We searched Medline, Global Health, APA PsycINFO, SCOPUS, CINAHL Plus, and the Cochrane Database of Randomized Trials, using the search string shown in the Supplementary Material. We included English-language studies published between January 1, 2009, and January 1, 2025. The main aim of this scoping review was to understand the current landscape of DEI practices in academic DMH research and to inform future practice. Therefore, we restricted our scoping review to the published scientific literature.

We included peer-reviewed studies in English that focused on depression, anxiety, and/or suicidal ideation; involved human participants (clinical or non-clinical populations), aged 10–25 (or with a sample mean age >9 and ≤25); and evaluated smartphone applications, with or without additional technologies like wearables or websites. We excluded studies that used only SMS, phone calls, or non-app-based web or wearable interventions, or involved participants outside the age range. To be inclusive to non-clinical populations, we selected studies with depression, anxiety, and/or suicidal ideation as a main outcome, but studies could target other mechanisms (e.g., rumination as a risk factor for depression). We included a range of study designs (e.g., pilot, feasibility, and randomized trials).

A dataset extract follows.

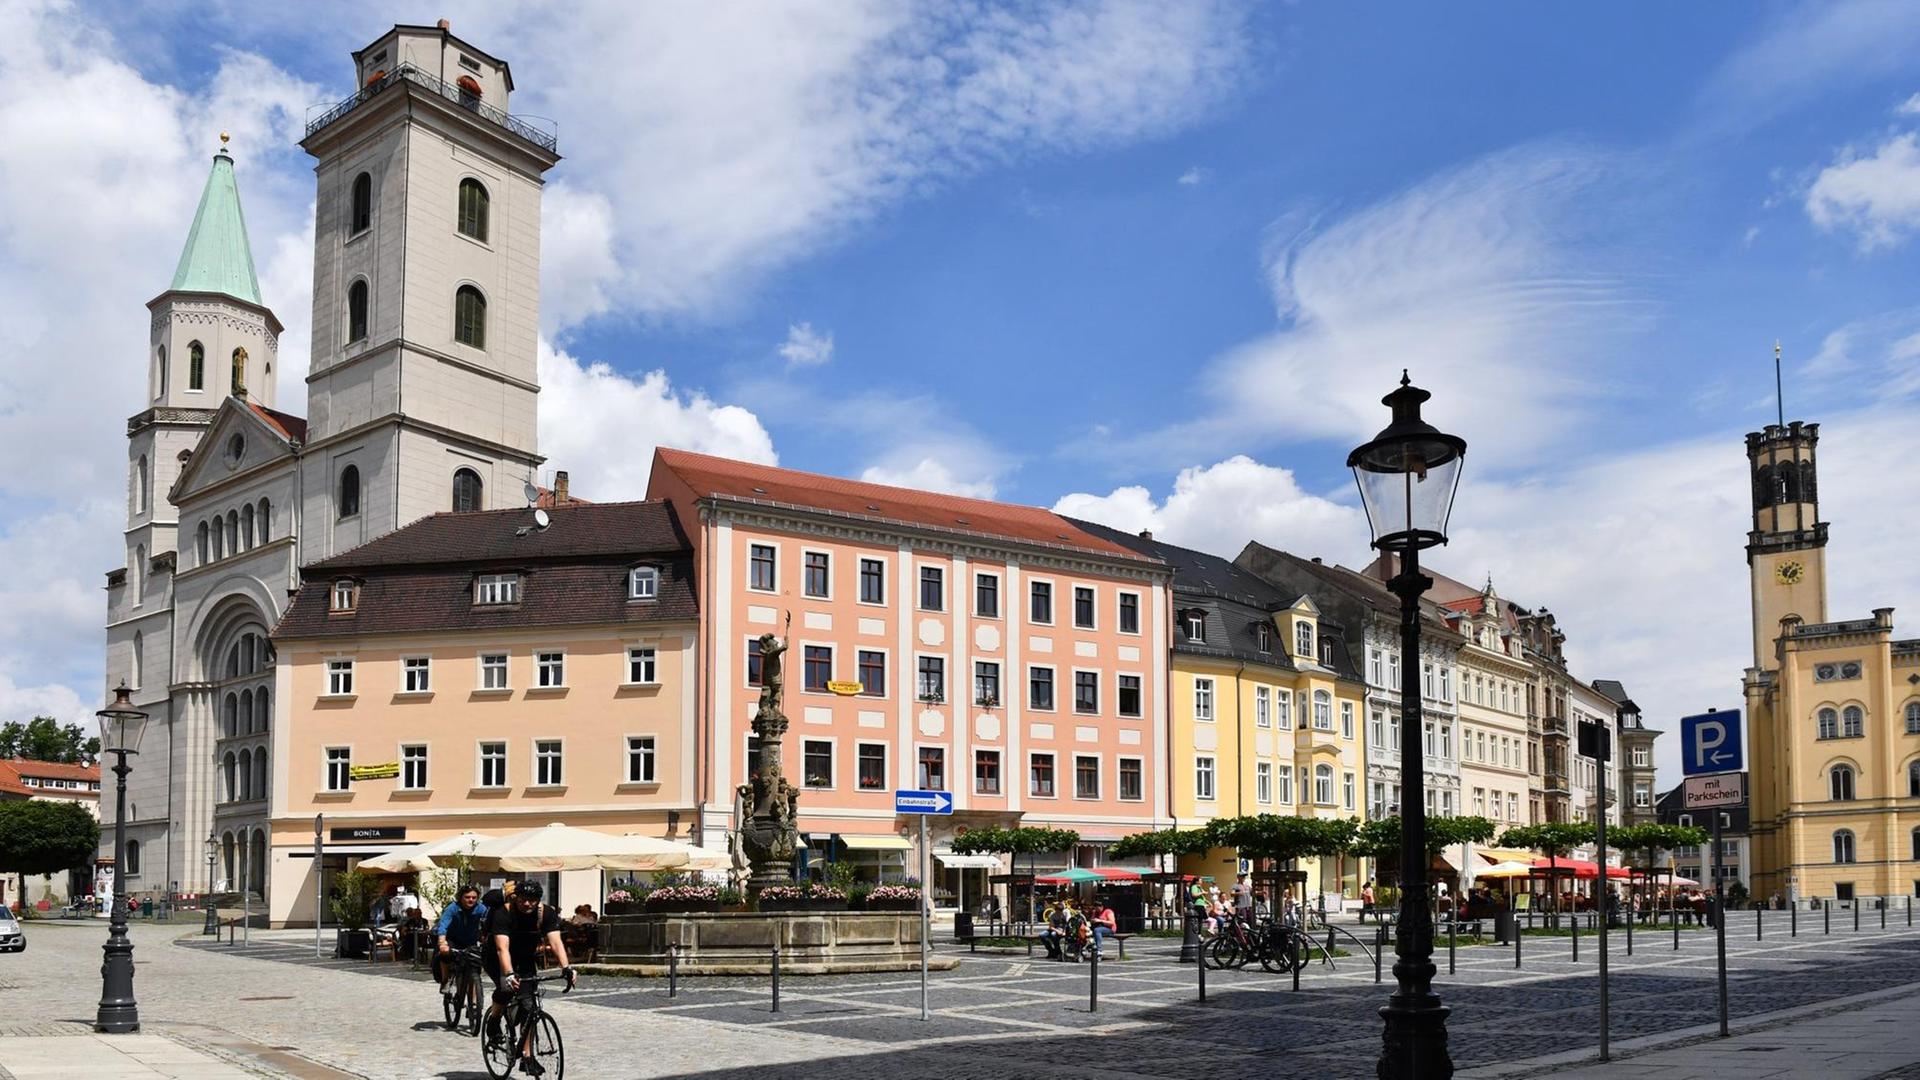 Die Johanniskirche, der Marsbrunnen, Wohn- und Geschäftshäuser und das Rathaus auf dem Marktplatz von Zittau (Sachsen).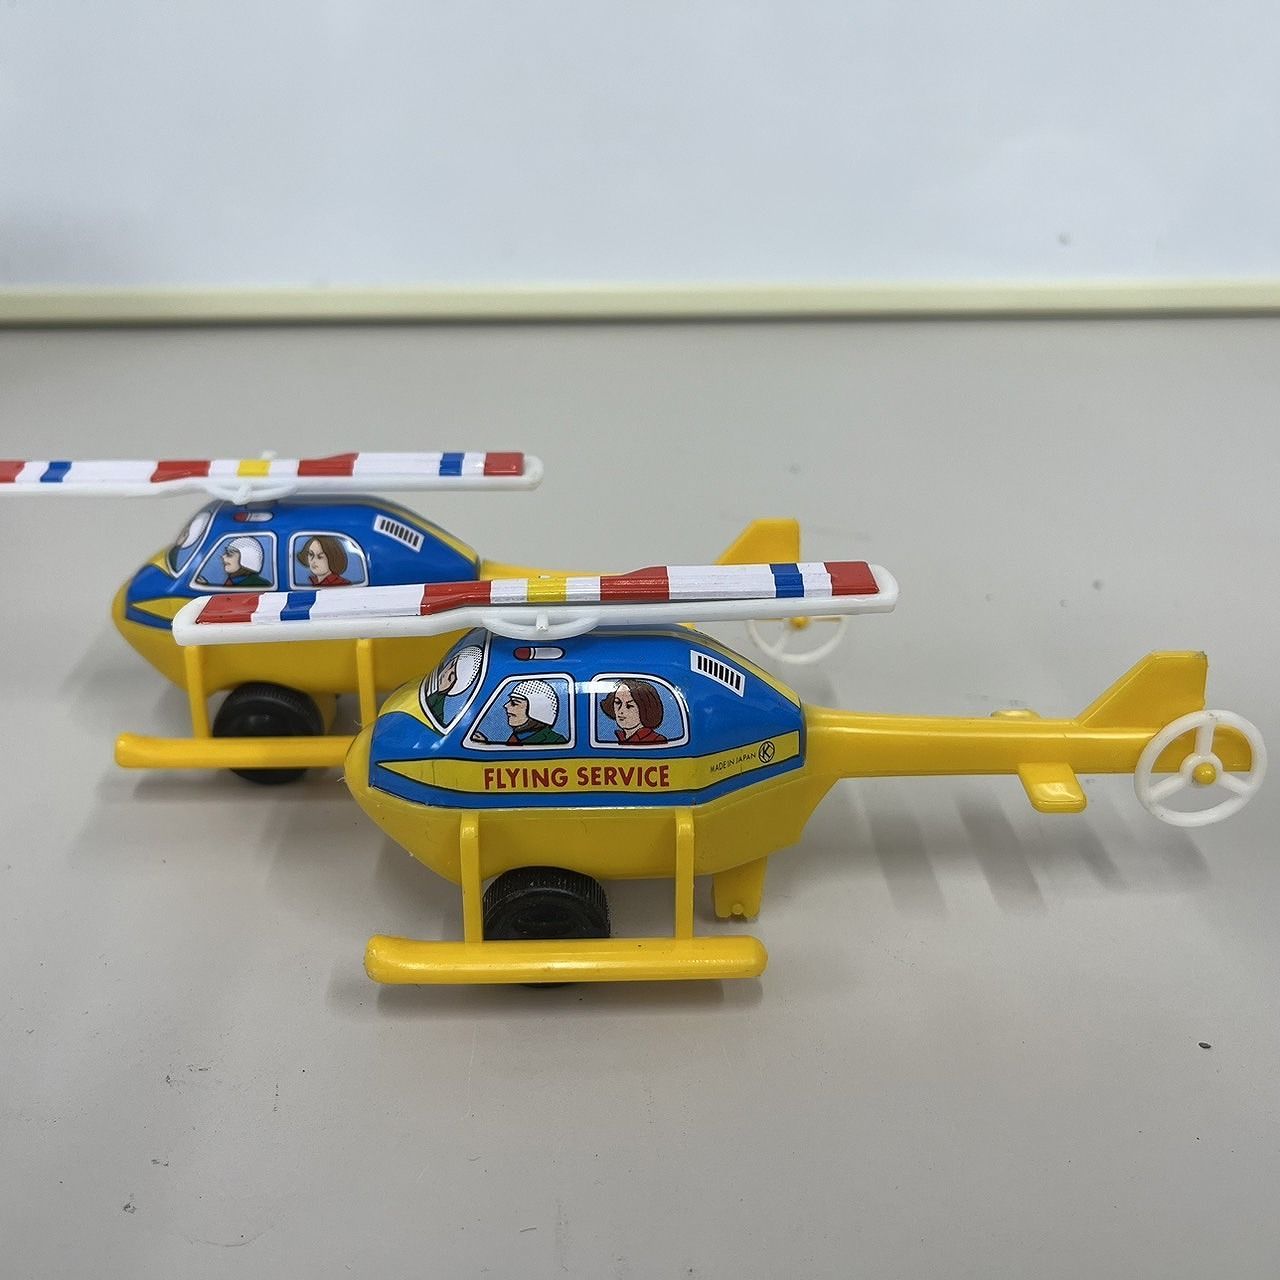 USED ブリキ ヘリコプター おもちゃ 2個セット - 株式会社おくしん堂 1

Following the search, all citations were collated and uploaded into Covidence (www.covidence.org). Titles, abstracts, and full text were screened by two or more independent reviewers (CAF, CSS, RZ, NO, NJPF, WK, GC, KWG) for assessment against the inclusion criteria, with a training session by the lead author before screening. Disagreements were resolved through discussion or by an additional reviewer (CAF or CSS).

Data analysis

Data were extracted in duplicate in Covidence and conflicts were resolved by a third reviewer. We documented each study’s primary mental health focus, country, setting, and research design. We examined whether studies included information on youth involvement into app development using participatory methods (e.g., co-design) and the involvement of other stakeholders (e.g., guardians, clinicians), and each DEI criterion (coding as reported/not reported, see Table 5 for a description). We provide a narrative summary of the DEI criteria and youth and stakeholder involvement. The Supplementary Material shows the charting template, which we pilot tested before the extraction. If information on DEI criteria or youth/stakeholder involvement was missing in the main paper, we examined the Supplementary Material, or formative work (e.g., co-design studies), if available. If studies did not take DEI criteria into account in the development but described the need to do so in their future work, we coded this as ‘reported’.

Table 5 Diversity, Equity, and Inclusion (DEI) Category, criterion, and description

Our original aim was to analyze the overall prevalence of racial/ethnic minoritized participants, age, education, immigration status, annual income (of parents/guardians), and gender identity. As reporting practices in the studies demonstrated high variability– with different definitions and classifications used among studies, we decided not focus on prevalence, but on identifying the majority group in the examined studies. Our categorization of race/ethnicity is shown in the Supplementary Material.

We distinguished between design and evaluation activities based on their purpose and timing in the app development process (as shown in Fig. 4). Design was defined as activities where end-users and other stakeholders generate ideas or provide feedback on early versions of an intervention. This includes approaches such as co-design workshops, focus groups, interviews, or prototyping sessions87,88. Evaluation was defined as activities that assess feasibility, usability, acceptability, or effectiveness once (a version of) an intervention is available for testing88. While design and evaluation often overlap in the iterative refining processes, we categorized activities according to their primary intent as described in the studies.